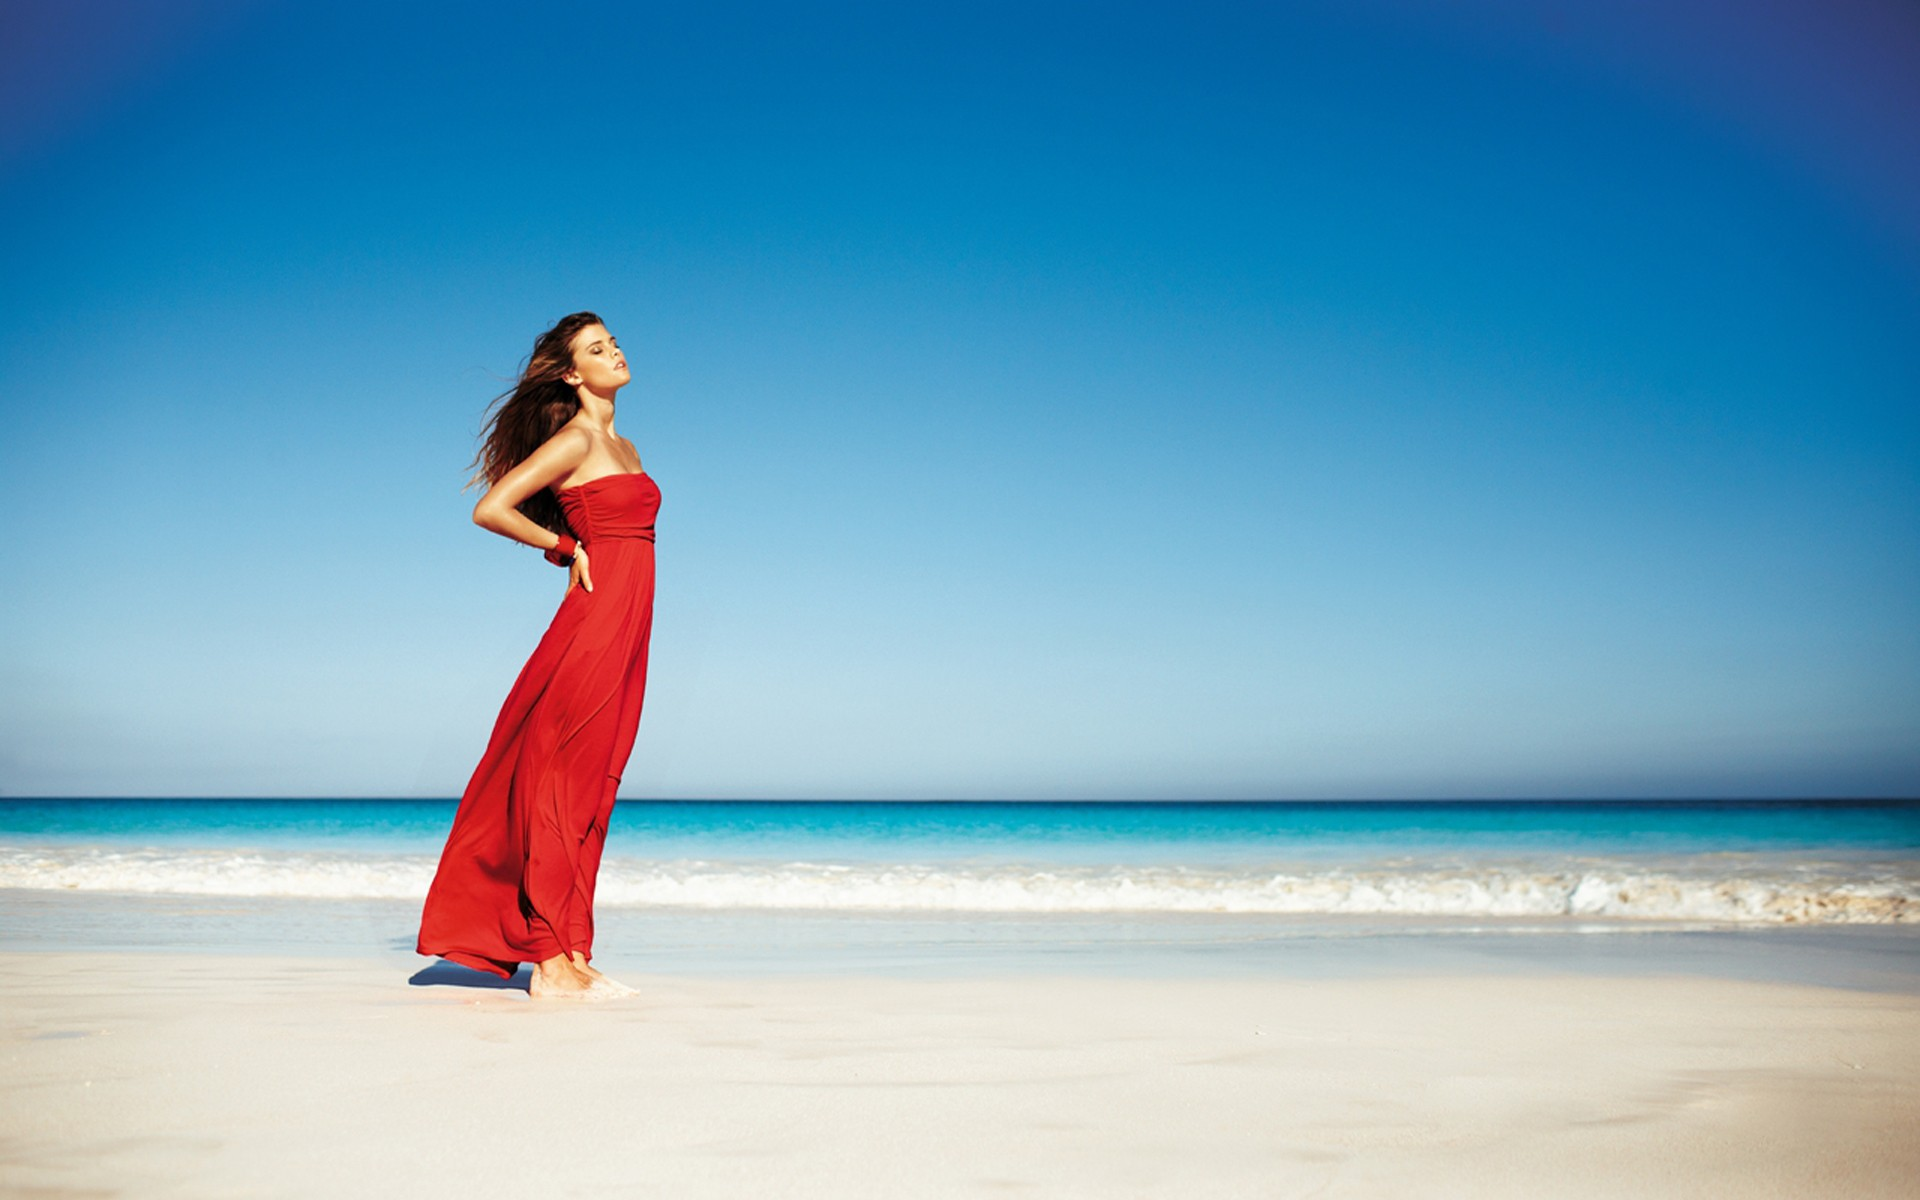 Nina Agdal en la playa - 1920x1200
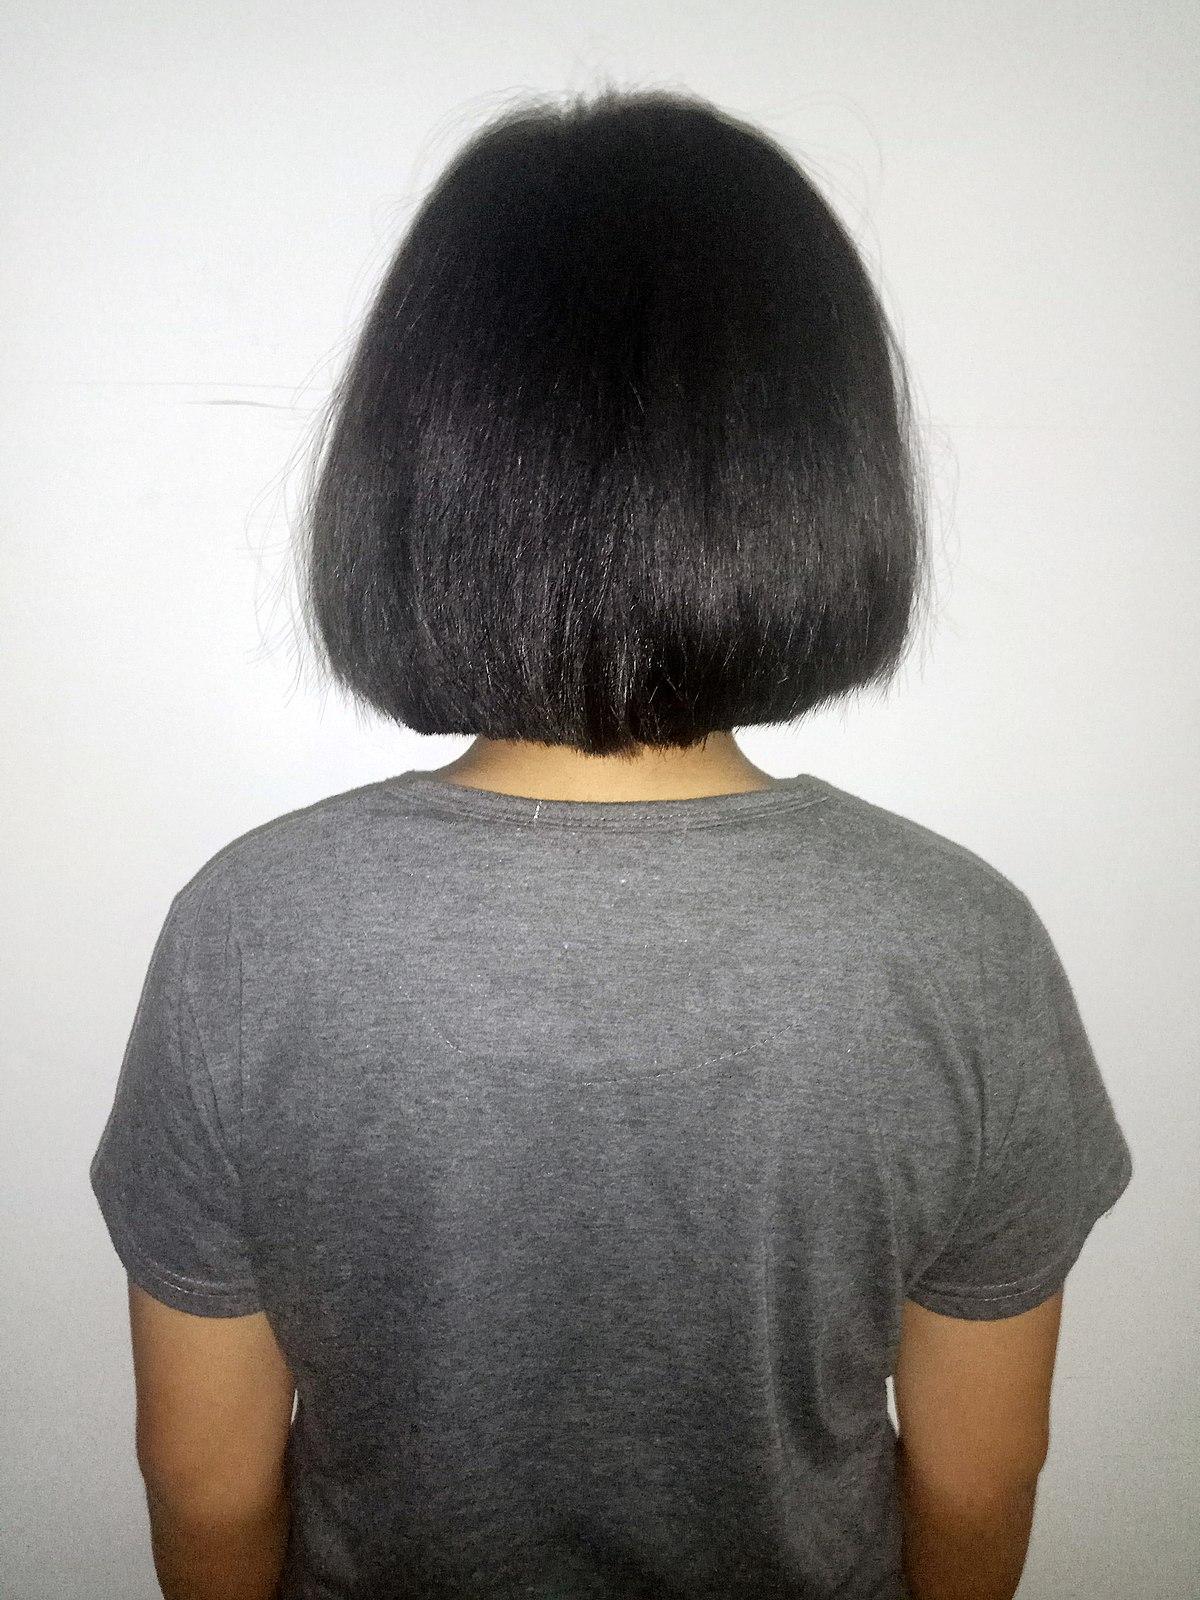 Short hair - Wikipedia
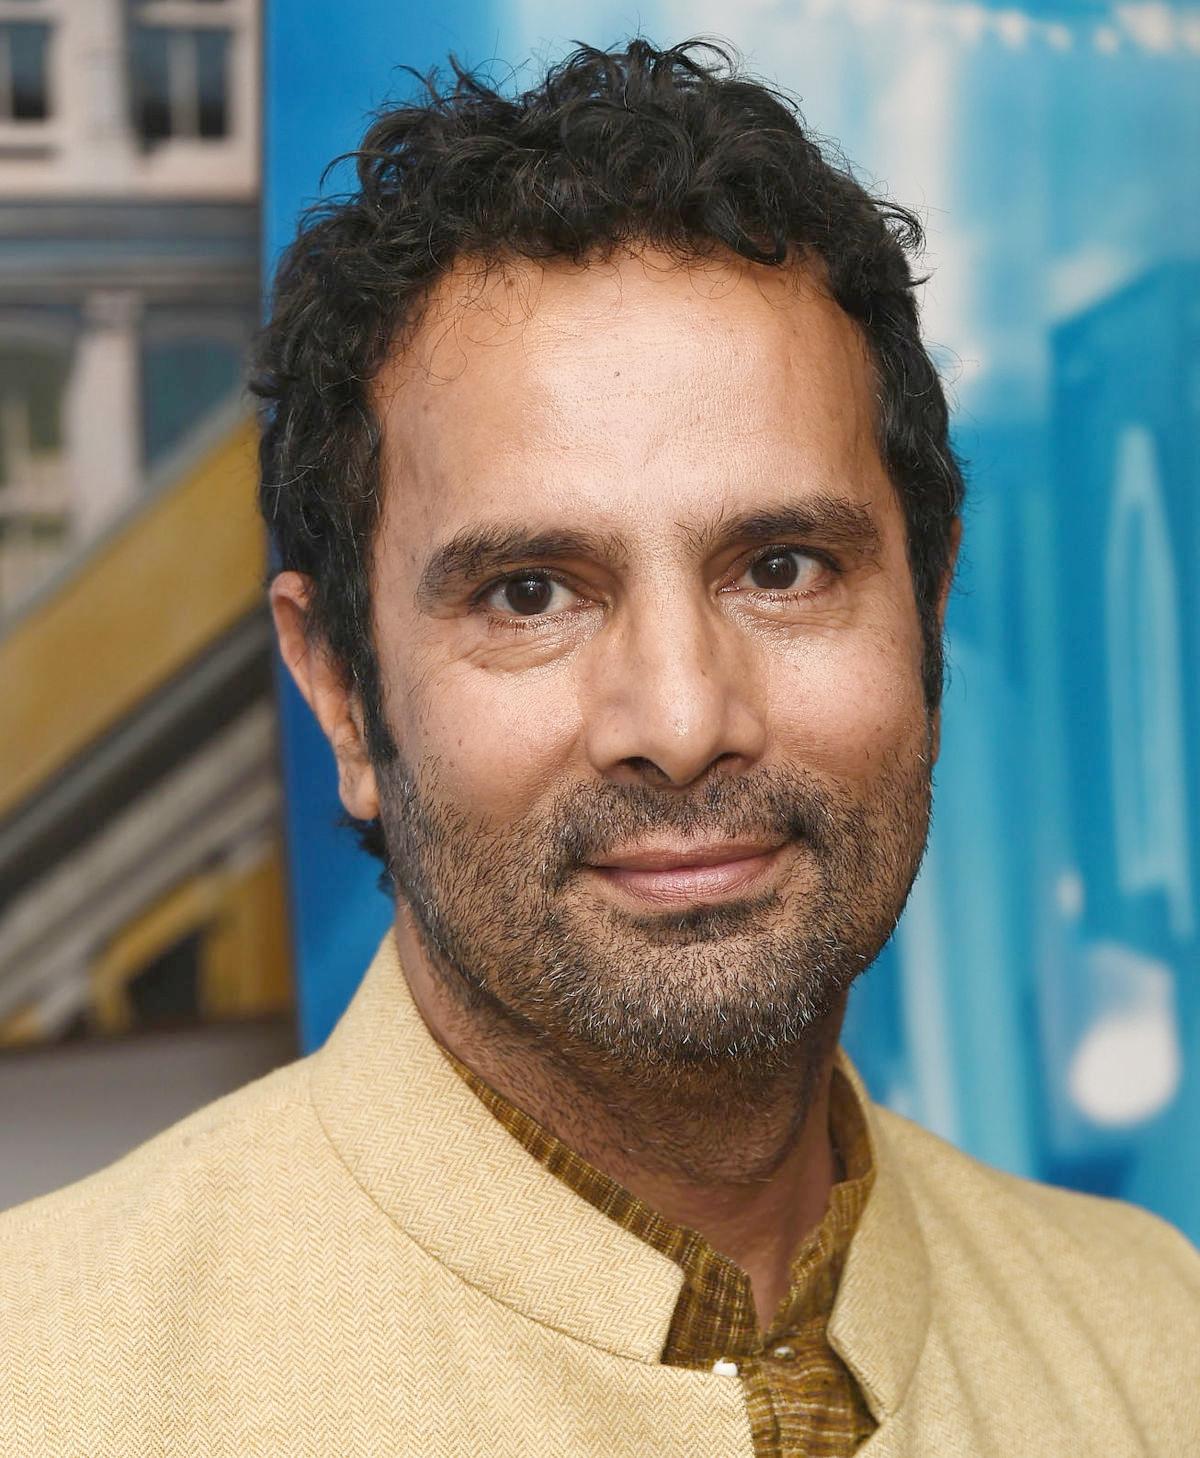 Tarsem Singh - Film Director

▶ [What is being asked]:
The whole listing should be printed again exactly as written, images excluded.

▶ [Result of the task]:
 Nina Agdal en la playa - 1920x1200
 Short hair - Wikipedia
 Tarsem Singh - Film Director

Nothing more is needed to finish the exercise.